In theory, Brazil could be hit in two ways: if there is an increase in oil prices and a higher risk aversion in international markets
04/15/2024
Central Bank’s building in Brasília: Few believe that Brazil’s monetary authority will rush to revise its baseline scenario for interest rate cuts — Foto: Beto Nociti/BCB
The uncertainties in the economic scenario that prompted the Central Bank to reduce its monetary policy signaling to just one meeting have heightened with Iran’s attacks on Israel.
This risk is already included in the array of uncertainties that the monetary authority cited in the release of the Inflation Report, which recommends greater caution in signaling future interest rate cuts.
It was also one of the points highlighted in a recent debate organized by the Central Bank with economists who received the Top 5 award, given annually to those who most accurately predict their projections.
In theory, Brazil could be hit in two ways. First, if there is an escalation in oil prices and, second, with increased risk aversion in international markets.

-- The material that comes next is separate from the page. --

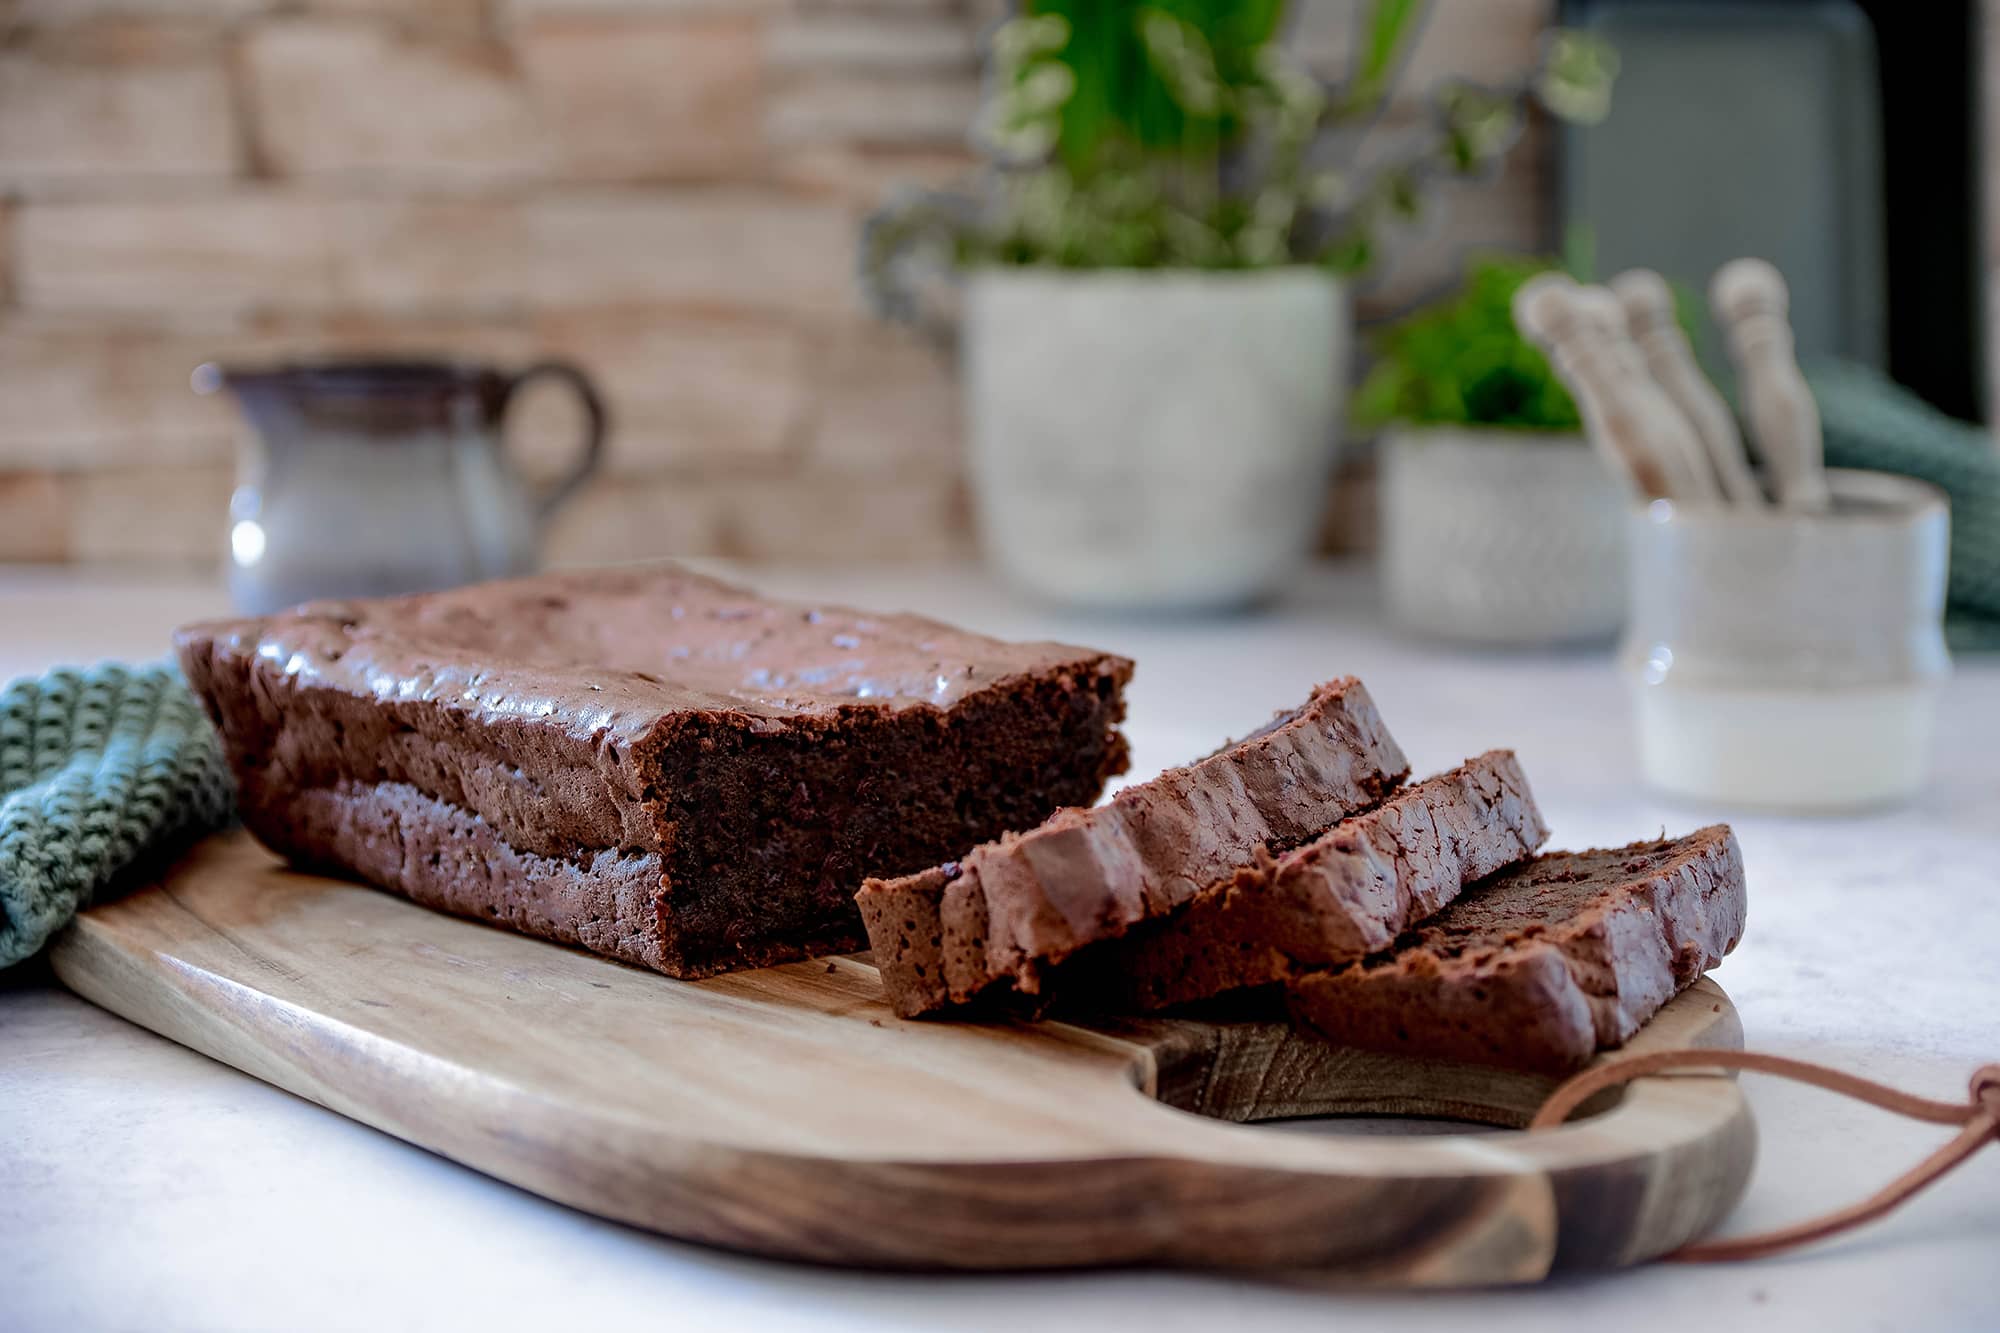 Gesunder Schokoladenkuchen mit Rote Beete (vegan) - Home and Herbs

Brent oil had already been trading above $90 a barrel, and some economic analysts were already circulating their calculations regarding the lag in domestic prices. If oil prices continue to rise, it could lead to further postponements in interest rate cuts by the United States. The increase in risk aversion due to the escalation of the conflict would exacerbate this situation, prompting investors to redirect capital from emerging economies to the U.S.
Few think that, in an environment of such uncertainty, the Brazilian Central Bank will rush and revise its baseline scenario for interest rate cuts. The Selic policy rate remains high, and a 50-basis-point increase in May is well signaled, with a long way to go until the June meeting. Yet, the Central Bank is likely to exercise increased caution.